UC Newsroom
Early-career scholars at 6 University of California campuses have won prestigious 2016 Packard Fellowships in Science and Engineering, which provide $875,000 in funding over five years to support innovative and promising research.
The fellowships, funded by the David and Lucile Packard Foundation, help early-career scientists and engineers explore new frontiers in their fields by giving them the financial support to take risks and pursue novel research ideas.
A third of the 18 fellowships this year went to UC faculty, with recipients at campuses in Berkeley, Davis, San Diego, San Francisco, Santa Barbara and Santa Cruz.
The fellows are:
Margaret Chatham Crofoot, UC Davis
Crofoot conducts research on wild primates to explore their collective decision-making processes. Her field work seeks to understand how group-living animals — ourselves included — overcome conflicts of interest to reach consensus.
Rachel Dutton, UC San Diego
Cheese may well provide us with important insights into the functioning of every ecosystem on the planet. The Dutton lab studies how microbial communities within fermented foods interact to model of bacteria and fungal behaviors in the world at large.
Ryan Foley, UC Santa Cruz
Astronomer Ryan Foley is leading two supernova survey projects designed to bring supernova cosmology to a new level. He seeks to understand all the ways stars can die along with the nature of dark energy — an almost entirely unknown phenomenon which accounts for 70 percent of the universe.
Dengke Ma, UCSF
Oxygen deprivation and sudden replenishment can cause severe damage to human tissues during a heart attack or stroke. Ma’s research investigates animals that are able to withstand oxygen deprivation and replenishment to find new strategies for limiting the damage from cardiac events in humans. Ma won a Pew scholarship for his biomedical research earlier this year.
Ke Xu, UC Berkeley
Physical chemist Ke Xu develops new tools in his lab that merge biophysics, physical chemistry and cell biology to illuminate biology at the nanoscale. His technology, such as the SR-STORM microscope, allows for the most sophisticated imaging yet of single molecules and phenomenon like pH variations inside a cell. As many diseases are caused by the breakdown of cells' internal structures, Xu’s research could bring us closer to groundbreaking medical therapies.
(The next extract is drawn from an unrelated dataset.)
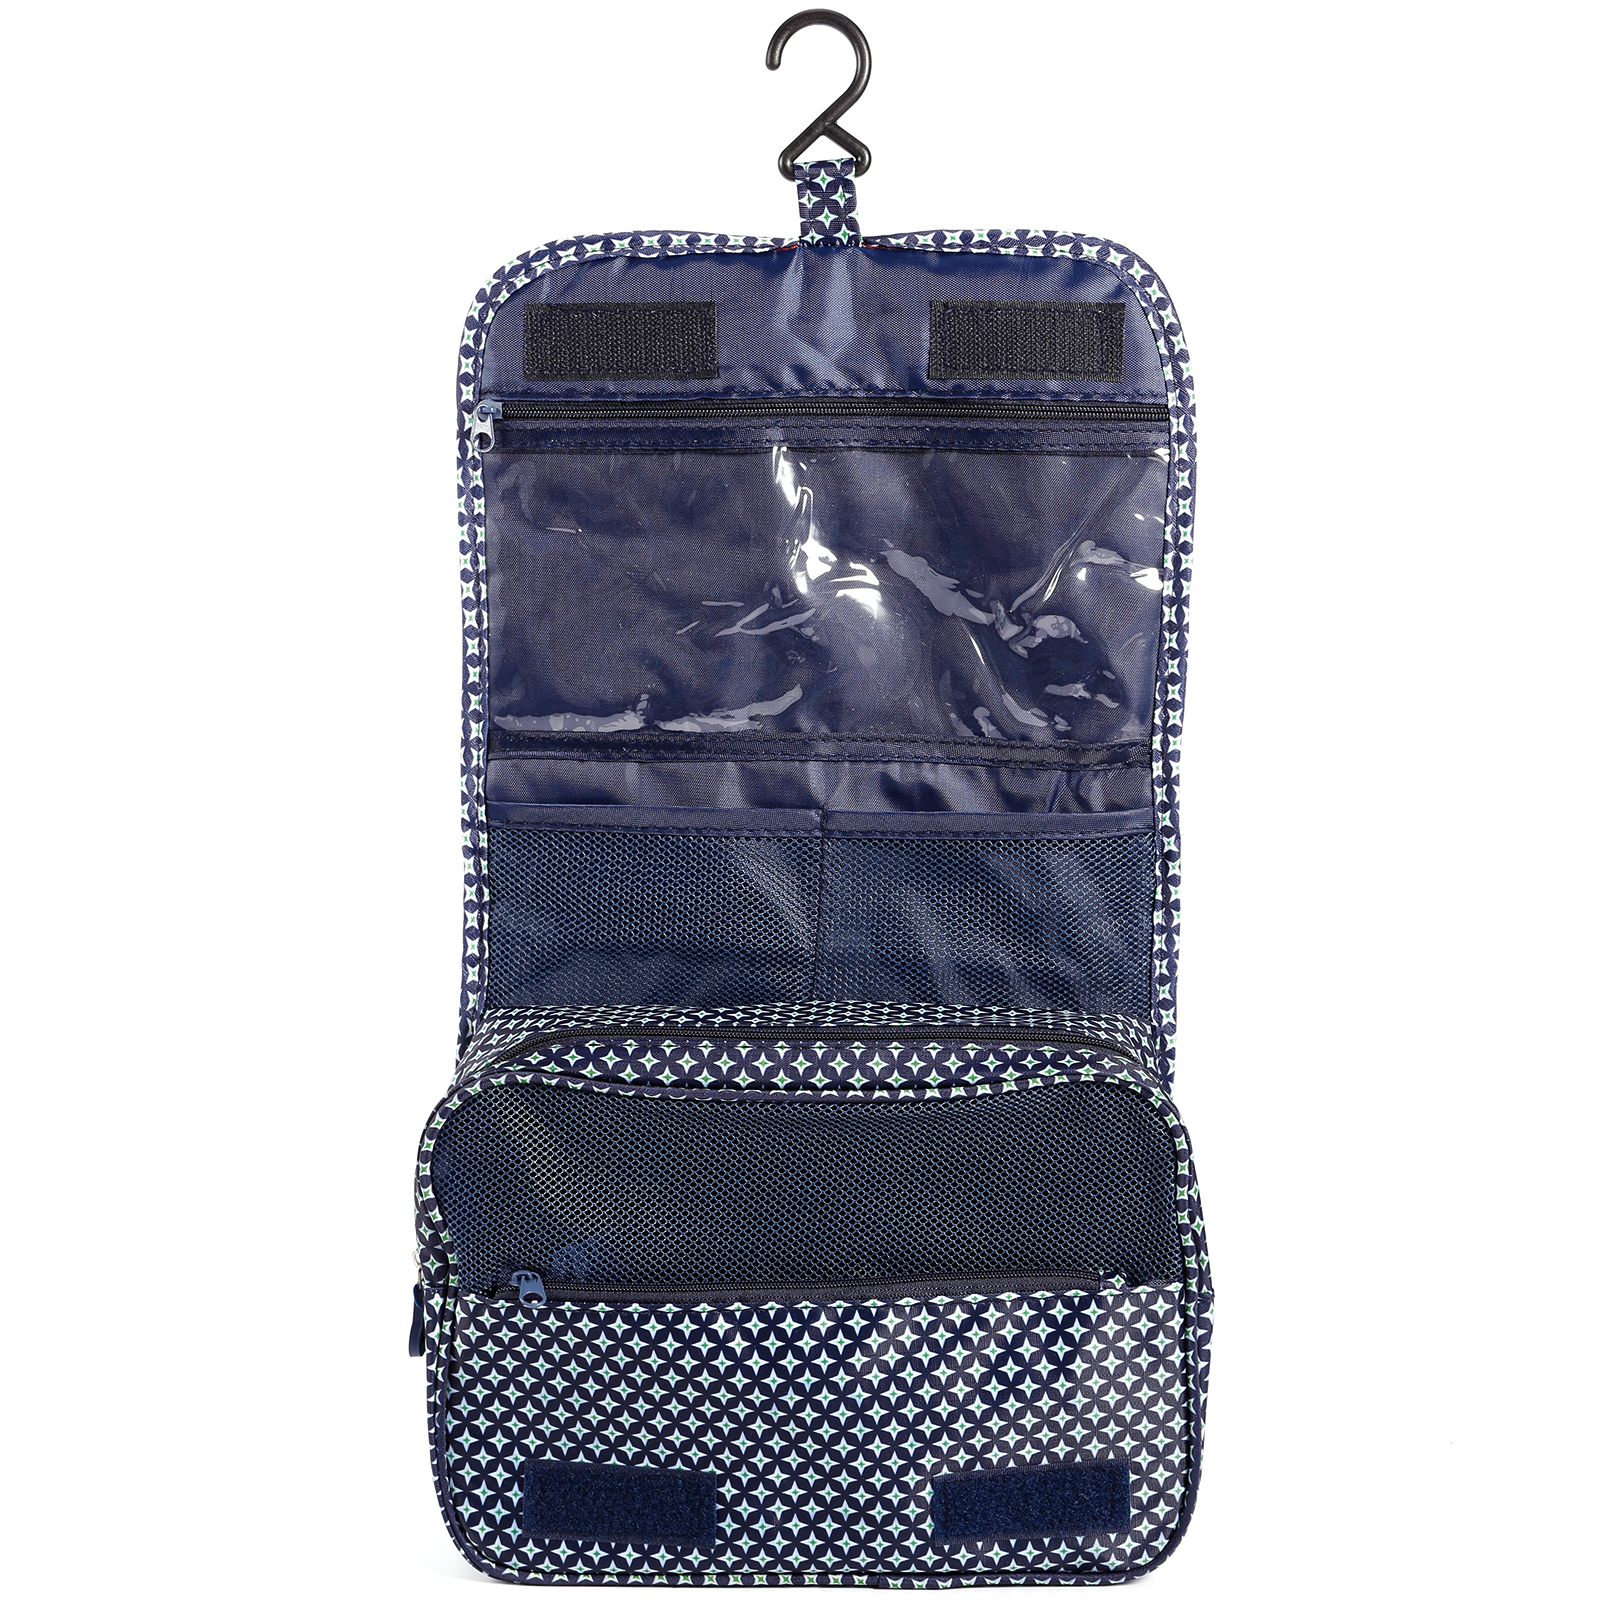 Hanging Bag Polyester Travel Organizer Cosmetic Bag

Andrea Young, UC Santa Barbara
Young explores two-dimensional physics, an area that follows its own rules and could yield important commercial applications based on graphene and other materials. His research group probes the quantum mechanical properties of new states of matter with electronic devices of their own invention.
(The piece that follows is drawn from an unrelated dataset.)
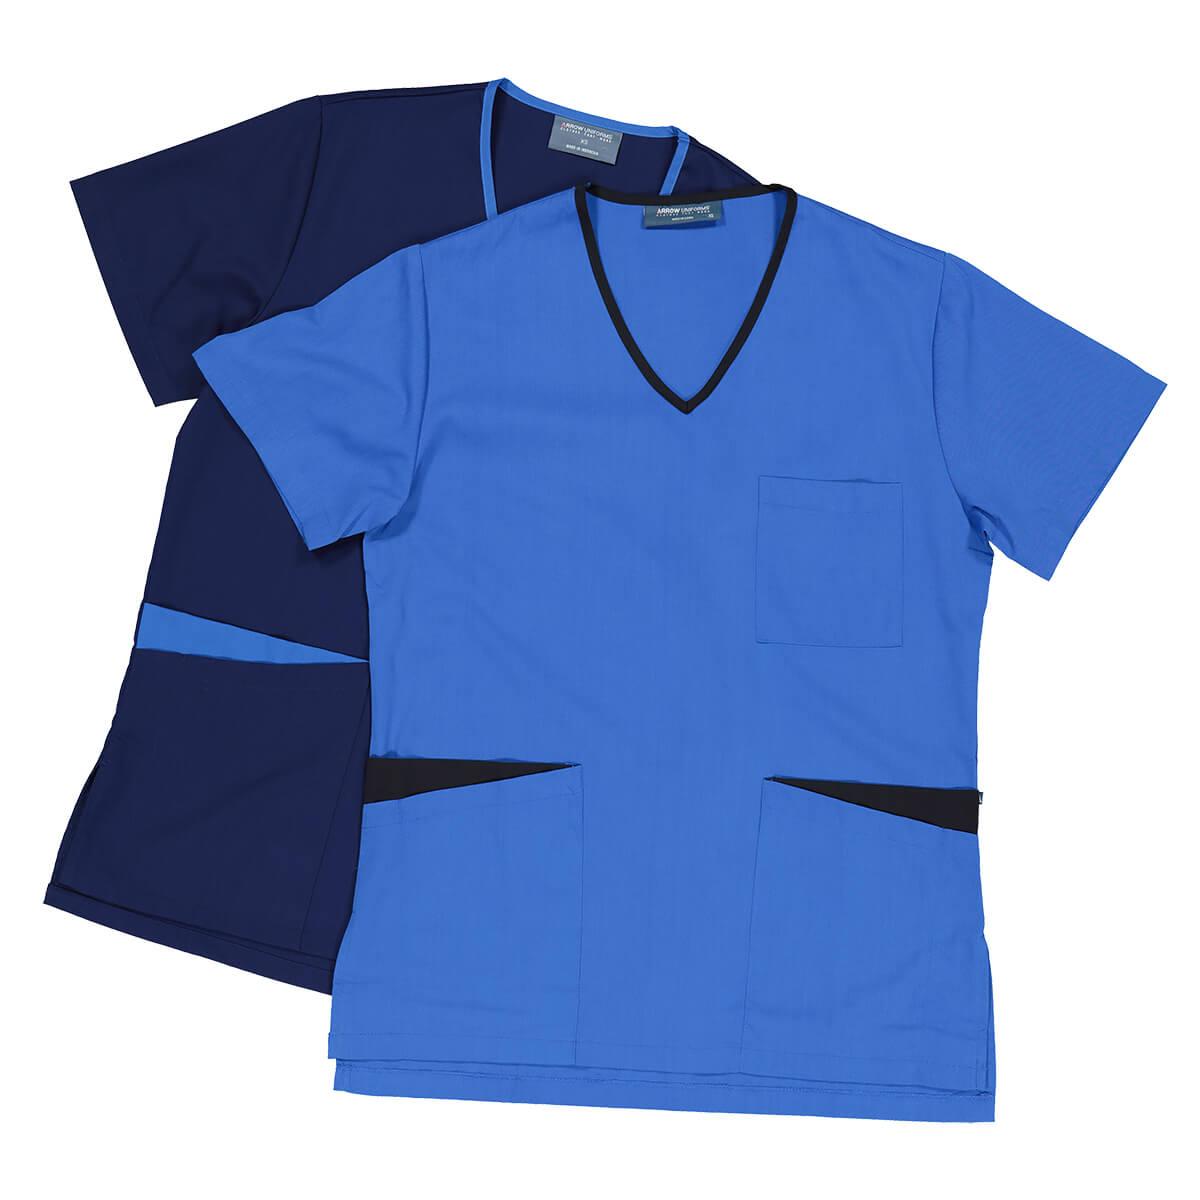 Nurse uniforms in light blue and dark blue photography flat lay

The Packard Fellowships in Science and Engineering program was established in 1988 and is now among the largest non-governmental fellowships in the country.
Each year, 50 universities are invited by the Packard Foundation to nominate two faculty members for consideration. The Packard Fellowships Advisory Panel, a group of 12 internationally-recognized scientists and engineers, evaluates the nominations and recommends fellows for approval by the Packard Foundation Board of Trustees.
To qualify, fellows must be faculty members who are eligible to serve as principal investigators on research in the natural and physical sciences or engineering, and must be within the first three years of their faculty careers. Disciplines that are considered include physics, chemistry, mathematics, biology, astronomy, computer science, earth science, ocean science and all branches of engineering.